Derek Lowe, an Arkansan by birth, got his BA from Hendrix College and his PhD in organic chemistry from Duke before spending time in Germany on a Humboldt Fellowship on his post-doc. He's worked for several major pharmaceutical companies since 1989 on drug discovery projects against schizophrenia, Alzheimer's, diabetes, osteoporosis and other diseases.
To contact Derek email him directly: derekb.lowe@gmail.com
Twitter: Dereklowe
Anyone looking over large data sets from human studies needs to be constantly on guard. Sinkholes are everywhere, many of them looking (at first glance) like perfectly solid ground on which to build some conclusions. This, to be honest, is one of the real problems with full release of clinical trial data sets: if you're not really up on your statistics, you can convince yourself of some pretty strange stuff.
Even people who are supposed to know what they're doing can bungle things. For instance, you may well have noticed a lot of papers coming out in the last few years correlating neuroimaging studies (such as fMRI) with human behaviors and personality traits. Neuroimaging is a wonderfully wide-open, complex, and important field, and I don't blame people for a minute for pushing it as far as it can go. But just how far is that?
A recent paper (PDF) suggests that the conclusions have run well ahead of the numbers. Recent papers have been reporting impressive correlations between the activation of particular brain regions and associated behaviors and traits. But when you look at the reproducibility of the behavioral measurements themselves, the correlation is 0.8 at best. And the reproducibility of the blood-oxygen fMRI measurements is about 0.7. The highest possible correlation you could expect from those two is the square root of their product, or 0.74. Problem is. . .a number of papers, including ones that get the big press, show correlations much higher than that. Which is impossible.
The Neurocritic blog has more details on this. What seems to have happened is that many researchers found signals in their patients that correlated with the behavior that they were studying, and then used that same set of data to compute the correlations between the subjects. I find, by watching people go by the in the street, that I can pick out a set of people who wear bright red jackets and have ugly haircuts. Herding them together and rating them on the redness of their attire and the heinousness of their hair, I find a notably strong correlation! Clearly, there is an underlying fashion deficiency that leads to both behaviors. Or people had their hair in their eyes when they bought their clothes. Further studies are indicated.
No, you can't do it like that. A selection error of that sort could let you relate anything to anything. The authors of the paper (Edward Vul and Nancy Kanwisher of MIT) have done the field a great favor by pointing this out. You can read how the field is taking the advice here.
2. NJBiologist on January 18, 2010 12:33 PM writes...
I'm going to nitpick here--and I acknowledge that it's nitpicking, as I agree wholeheartedly with the general idea that neuroimaging people may have overinterpreted their data.

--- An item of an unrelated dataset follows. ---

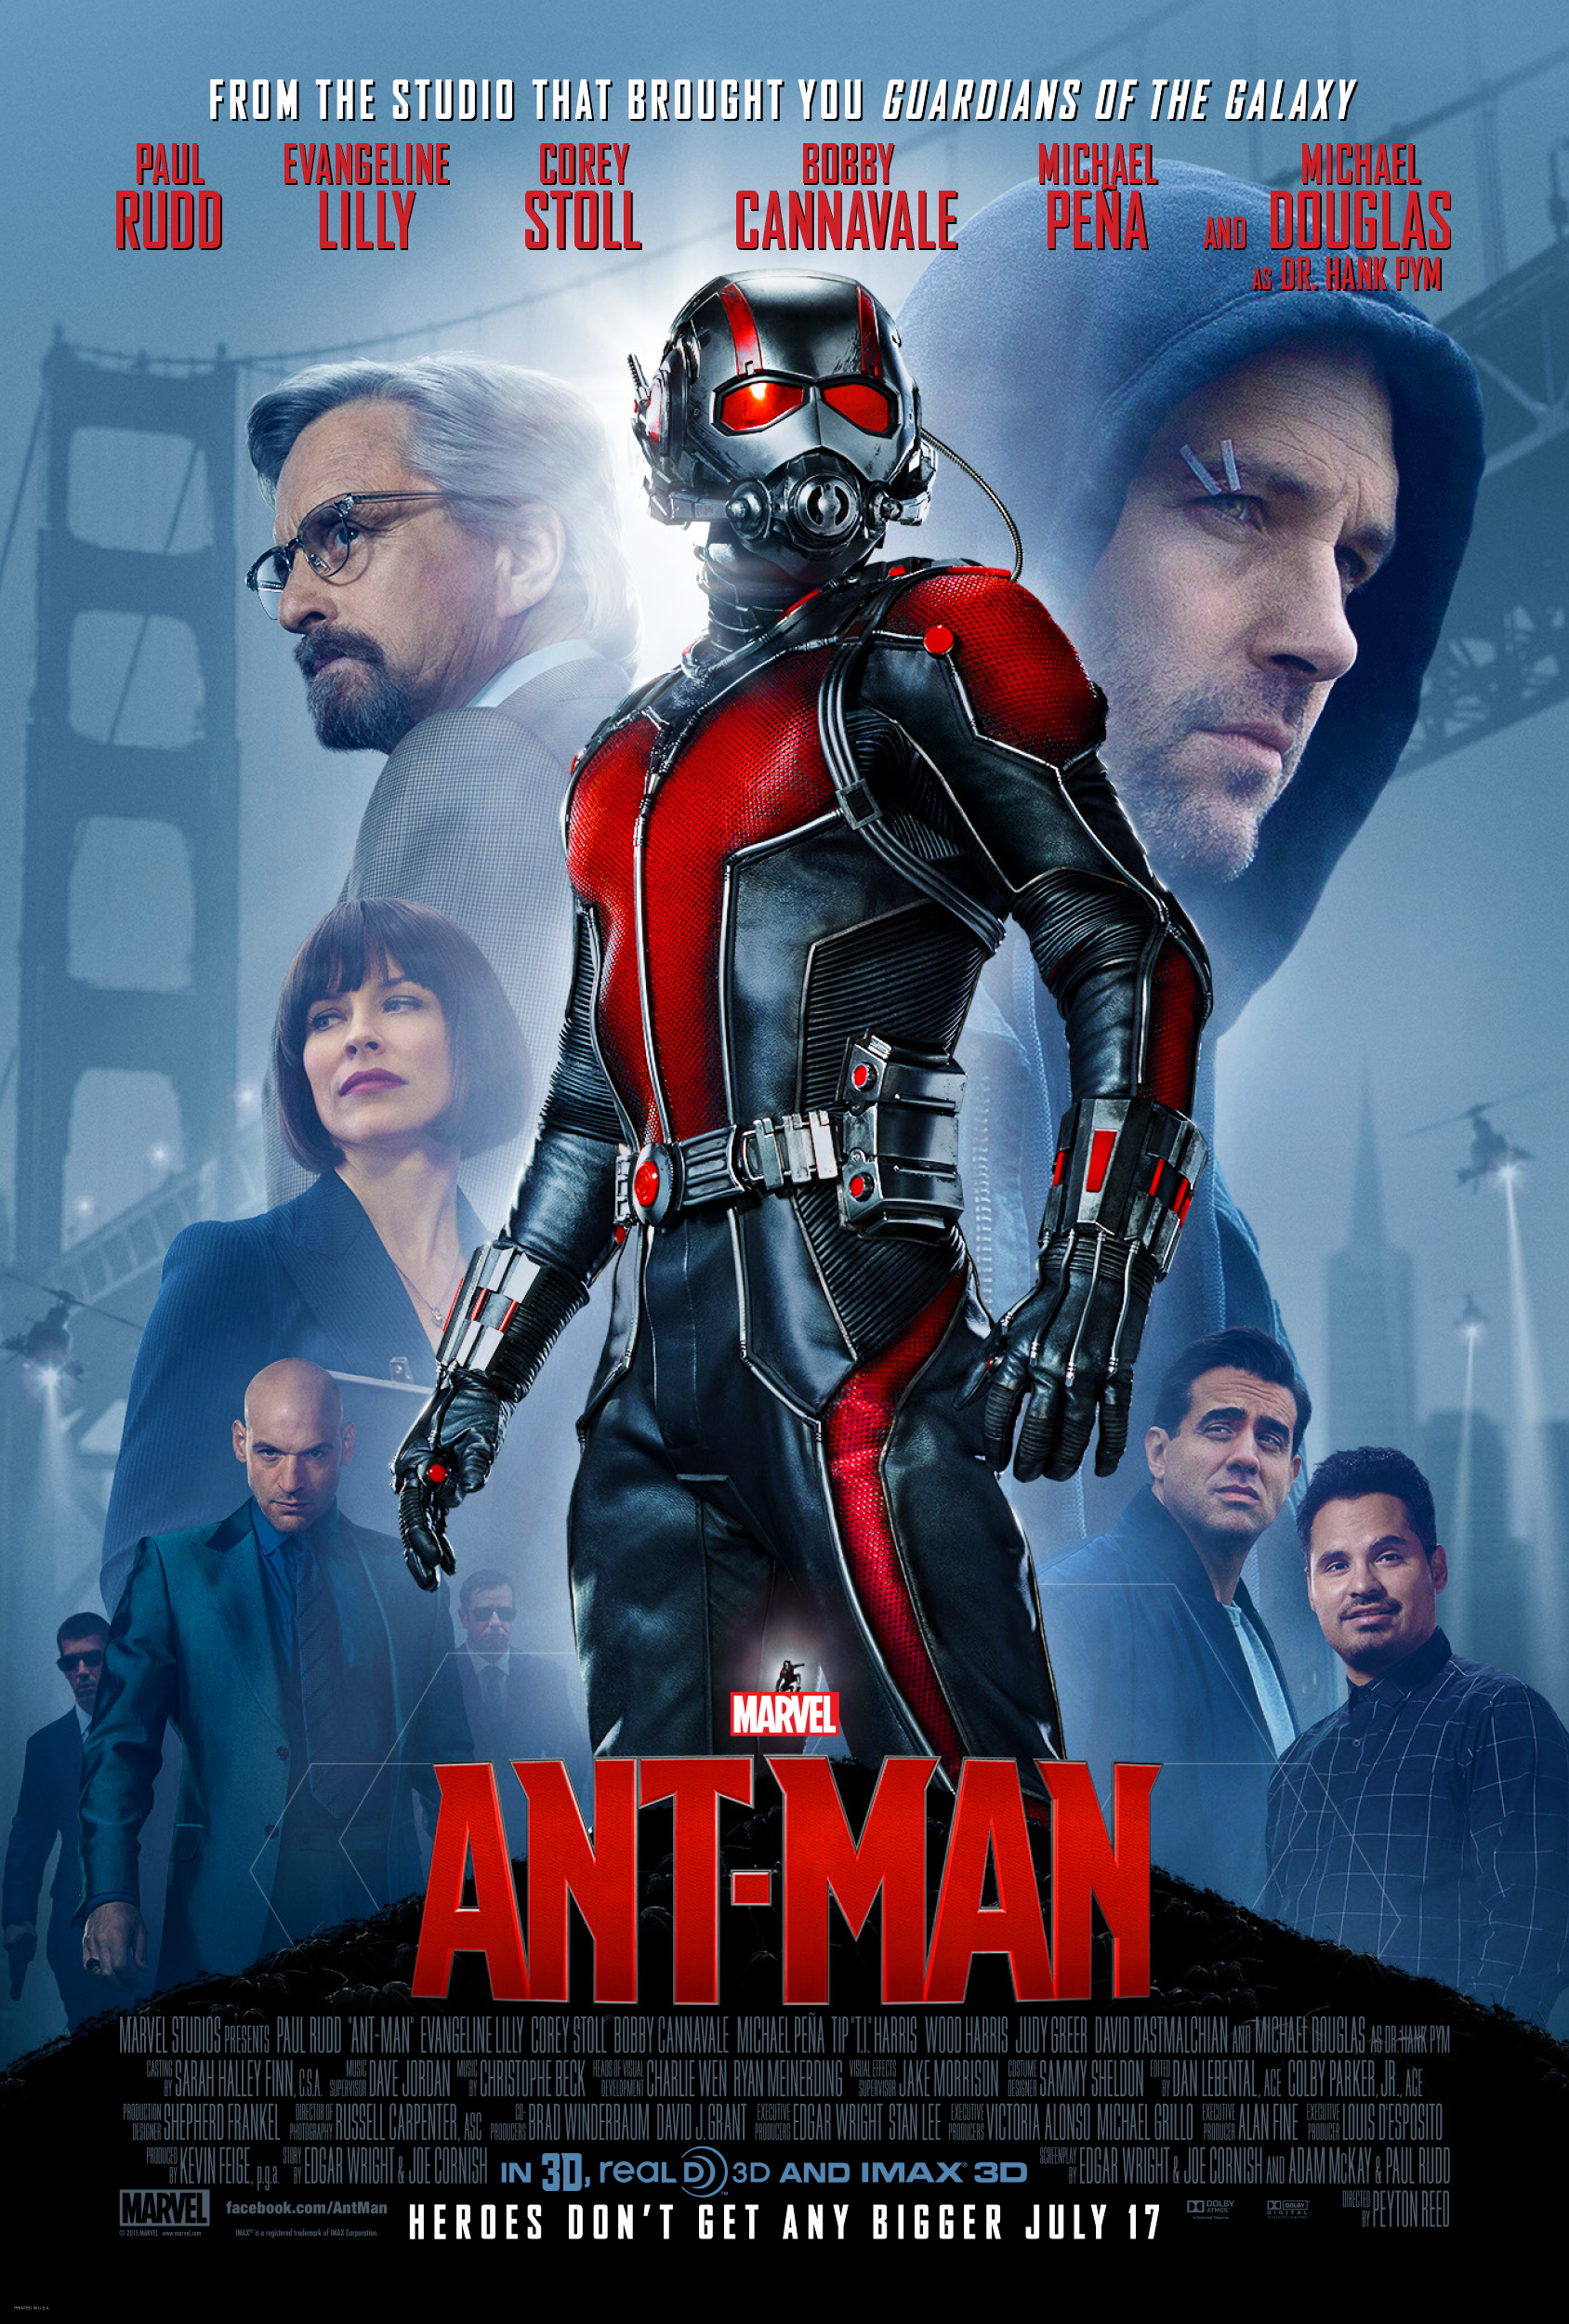 File:D23 Expo 2015 Ant-Man (1).jpg - Wikimedia Commons

"But when you look at the reproducibility of the behavioral measurements themselves, the correlation is 0.8 at best. And the reproducibility of the blood-oxygen fMRI measurements is about 0.7. The highest possible correlation you could expect from those two is the square root of their product, or 0.74."
Here's the nit: that's only if the error is in the measurement. If the between-trials subject error is greater than the error of the physical measurement, you might well expect correlations to improve when considering individual trials.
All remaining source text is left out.